Now, the correct method of determining the HCx is to work with the proper model-averaged cdf \(G\left( x \right)\). This means finding the inverse function \({G^{ - 1}}\left( p \right)\). We’ll address how we do this in a moment.

The reason why \(H\left( p \right)\) does not return the correct result is because of the implicit assumption that the inverse of \(G\left( x \right)\) is equivalent to \(H\left( p \right)\). This is akin to stating the inverse of a sum is equal to the sum of the inverses i.e. \[\sum\limits_{i = 1}^n {\frac{1}{{{X_i}}}} = \frac{1}{{\sum\limits_{i = 1}^n {{X_i}} }}{\text{ ???}}\]
For the mathematical nerds: There are some very special cases where the above identity does in fact hold, but for that you need to use complex numbers.

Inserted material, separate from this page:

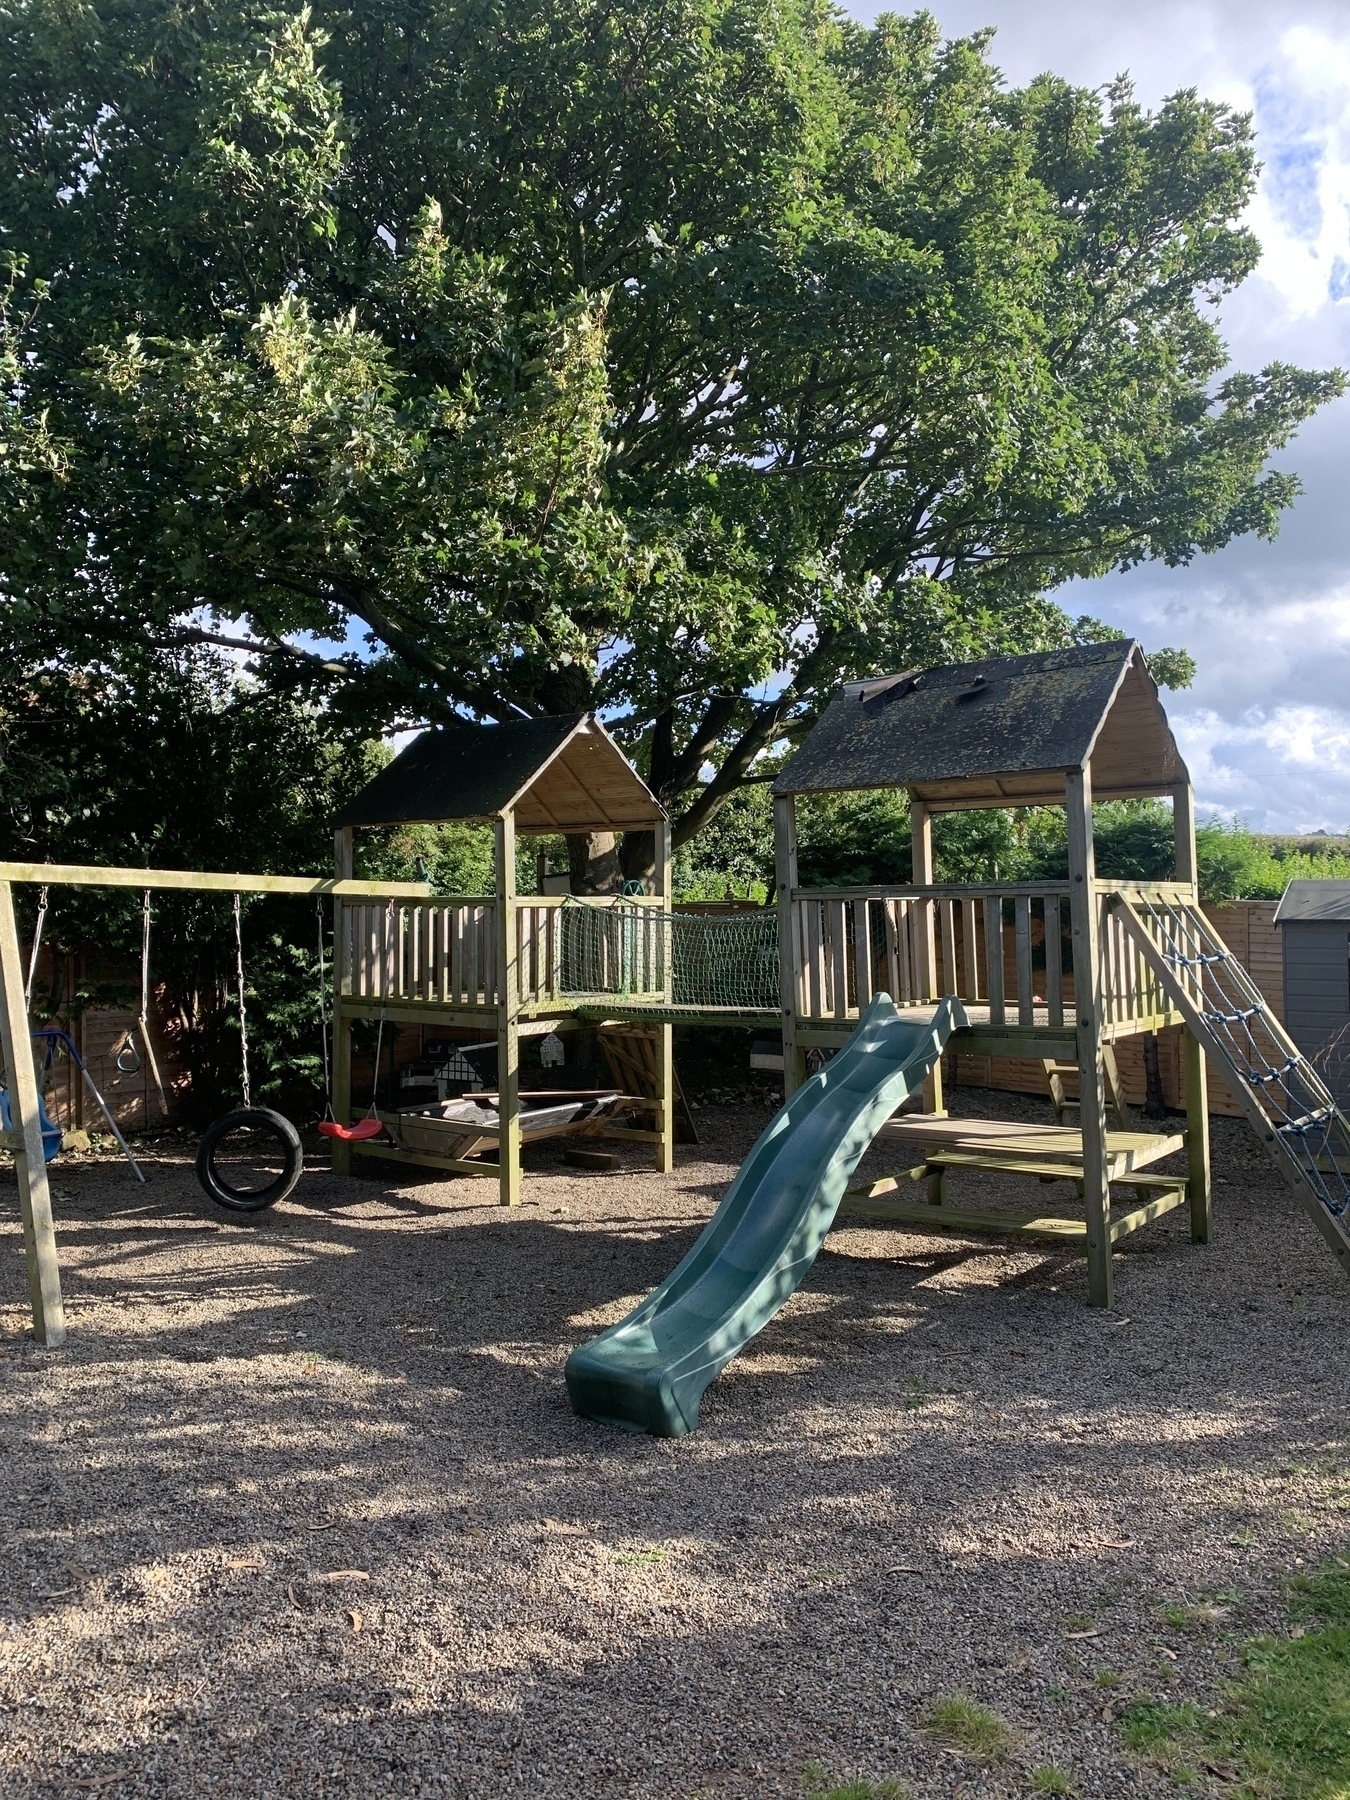 Wooden climbing frame with slide and tyre swing.

For example, consider two complex numbers \[{\text{a = }}\frac{{\left( {5 - i} \right)}}{2}{\text{ and }}b = - 1.683 - 1.915i\] It can be shown that \[\frac{1}{{a + b}} = \frac{1}{a} + \frac{1}{b} = 0.126 + 0.372i\]


Back to the issue at hand, and since we’re not dealing with complex numbers, it’s safe to say:\[{G^{ - 1}}\left( p \right) \ne H\left( p \right)\]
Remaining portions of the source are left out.